To create a zip file with your submission, run the following cell:

In [11]:
from exercise_code.submit import submit_exercise

submit_exercise('../output/exercise07')

relevant folders: ['exercise_code', 'models']
notebooks files: ['3_Cifar10_Pytorch.ipynb', '2_tensorboard.ipynb', '1_pytorch.ipynb']
Adding folder exercise_code
Adding folder models
Adding notebook 3_Cifar10_Pytorch.ipynb
Adding notebook 2_tensorboard.ipynb
Adding notebook 1_pytorch.ipynb
Zipping successful!
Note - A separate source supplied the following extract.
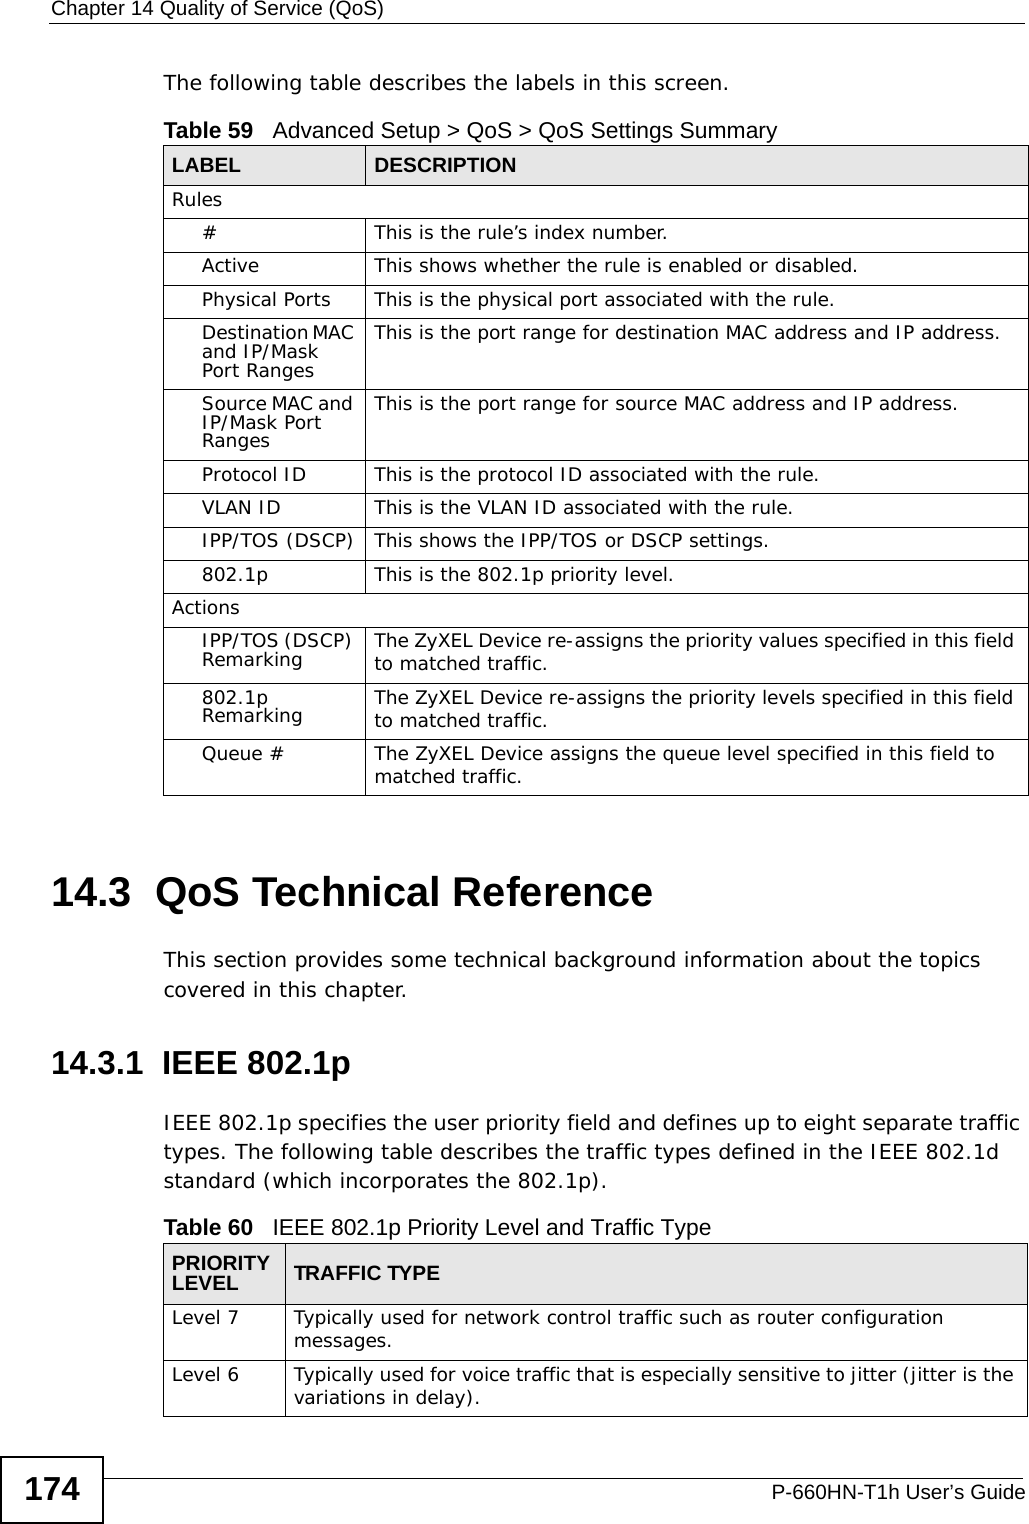 Chapter 14 Quality of Service (QoS)P-660HN-T1h User’s Guide174The following table describes the labels in this screen.  14.3  QoS Technical ReferenceThis section provides some technical background information about the topics covered in this chapter.14.3.1  IEEE 802.1pIEEE 802.1p specifies the user priority field and defines up to eight separate traffic types. The following table describes the traffic types defined in the IEEE 802.1d standard (which incorporates the 802.1p). Table 59   Advanced Setup &gt; QoS &gt; QoS Settings SummaryLABEL DESCRIPTIONRules#This is the rule’s index number.Active This shows whether the rule is enabled or disabled.Physical Ports This is the physical port associated with the rule.Destination MAC and IP/Mask Port RangesThis is the port range for destination MAC address and IP address.Source MAC and IP/Mask Port RangesThis is the port range for source MAC address and IP address.Protocol ID This is the protocol ID associated with the rule.VLAN ID This is the VLAN ID associated with the rule.IPP/TOS (DSCP) This shows the IPP/TOS or DSCP settings.802.1p This is the 802.1p priority level.ActionsIPP/TOS (DSCP) Remarking The ZyXEL Device re-assigns the priority values specified in this field to matched traffic.802.1p Remarking The ZyXEL Device re-assigns the priority levels specified in this field to matched traffic.Queue # The ZyXEL Device assigns the queue level specified in this field to matched traffic.Table 60   IEEE 802.1p Priority Level and Traffic TypePRIORITY LEVEL TRAFFIC TYPELevel 7 Typically used for network control traffic such as router configuration messages.Level 6 Typically used for voice traffic that is especially sensitive to jitter (jitter is the variations in delay).

Zip is stored under: /home/timm_pop/Documents/i2dl/output/exercise07.zip


# Submission Instructions

Congratulations! You've just built your first image classifier with PyTorch Lightning! To complete the exercise, submit your final model to our submission portal - you probably know the procedure by now.

1. Go on [our submission page](https://i2dl.vc.in.tum.de/submission/), register for an account and login. We use your matriculation number and send an email with the login details to the mail account associated. When in doubt, login into tum online and check your mails there. You will get an ID which we need in the next step.
2. Log into [our submission page](https://i2dl.vc.in.tum.de/submission/) with your account details and upload the `zip` file. Once successfully uploaded, you should be able to see the submitted file selectable on the top.
3. Click on this file and run the submission script. You will get an email with your score as well as a message if you have surpassed the threshold.

# Submission Goals

- Goal: Successfully implement a a fully connected NN image classifier for CIFAR-10 with PyTorch Lightning

- Passing Criteria: Similar to the last exercise, there are no unit tests that check specific components of your code. The only thing that's required to pass this optional submission, is your model to reach at least **50% accuracy** on __our__ test dataset. The submission system will show you a number between 0 and 100 which corresponds to your accuracy.

- You can make **$\infty$** submissions until the end of the semester. Remember that this exercise is an __OPTIONAL SUBMISSION__ and will __not__ be counted for the bonus.